Chart of assessed sensitivity of randomly selected 30 samples of 100 filenames.
Figure 2. Assessed sensitivity of randomly selected 30 samples of 100 filenames.
Chart of percentage of files according to their sensitivity based on manual assessment of 3000 randomly selected files.
Figure 3. Percentage of files according to their sensitivity based on manual assessment of 3000 randomly selected files.

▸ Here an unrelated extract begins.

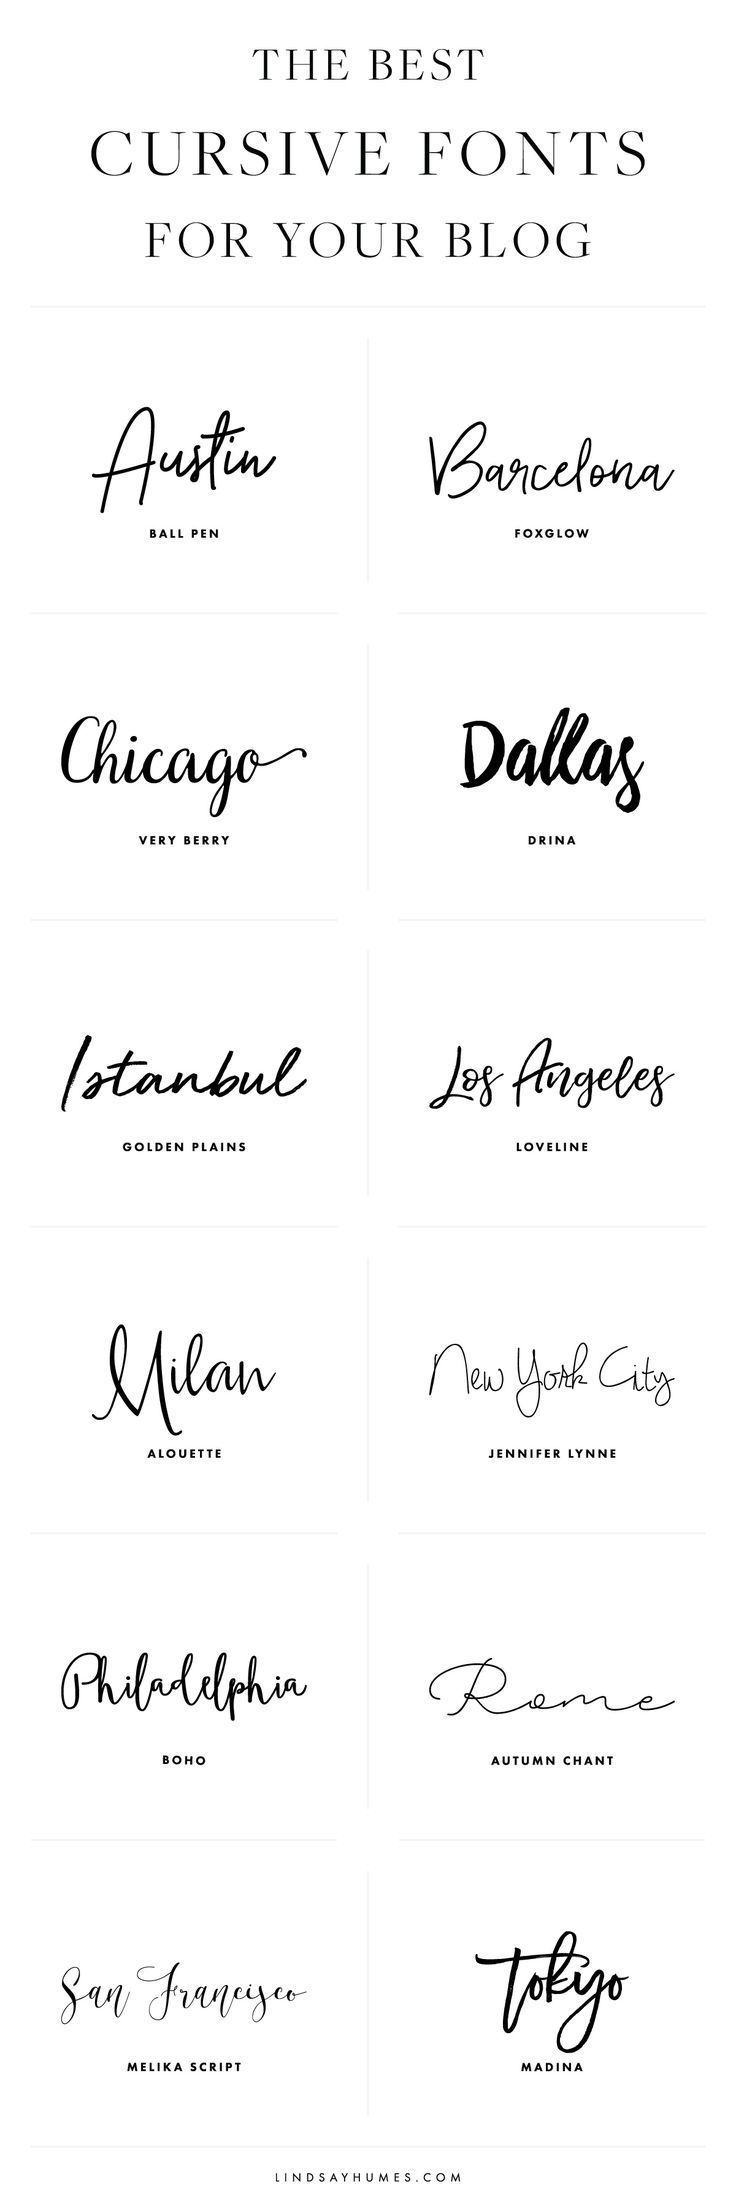 The Best Cursive Fonts for Your Blog Design #Weddingsquotes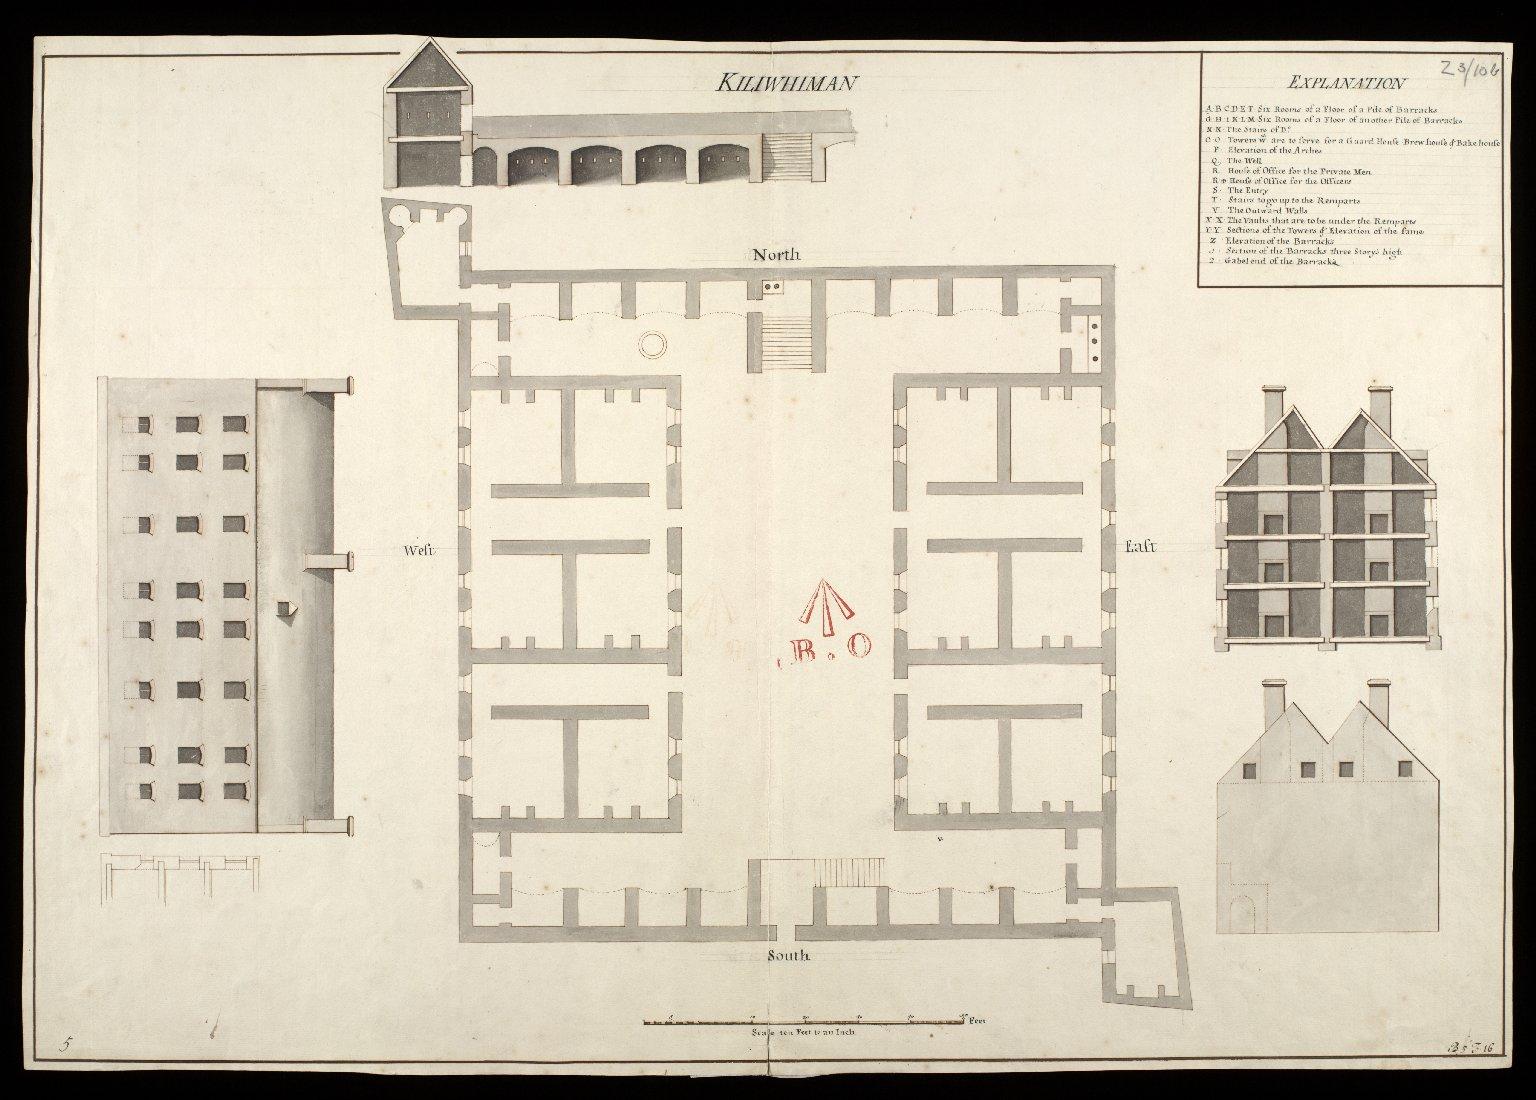 Kiliwhiman [i.e. Kiliwhimen] [1719] [1 of 1]

As for tokens, we will have to consider the entire collection of filenames in order to have sample from multiple sources, as such, we will pursue manually assessing samples of 100 filenames as more data is collected. After which we should have an excellent training set for the neural network. Some high-recurring and high-scoring tokens are shown in tables 2 and 3.

Token Hits Score
attach 7 0.9285714286
txn 7 0.9285714286
planning 6 0.9166666667
archived 6 1
recpt 6 0.9166666667
2010taxreturns 5 1
person~2 4 1
purchase 3 1
order 2 1
Паспорт 2 1
Table 2. Sample of high-scoring tokens sorted on the number of times observed.
Token Hits Score
jpg 938 0.013326226
mp3 460 0
music 448 0
seagate_backup_plus_drive 382 0.1452879581
asusware 348 0
pictures 309 0.0048543689
sda1 285 0.0649122807
bigdaddy 279 0
elements 278 0.0485611511
transcend 247 0.0222672065
my_book 234 0.0106837607
Table 3. Sample of high-recurring tokens sorted on the number of times observed.

Conclusion

While these results are preliminary, they nevertheless seems to provide a solid indication of what one can find on publicly-available removable drives. Additional work and fine tuning of both code and processes is required to provide more accurate data and the next step while the scan is still on going it to develop a methodology to assess the sensitivity of all files, likely using a neural network for classification based on the method presented above.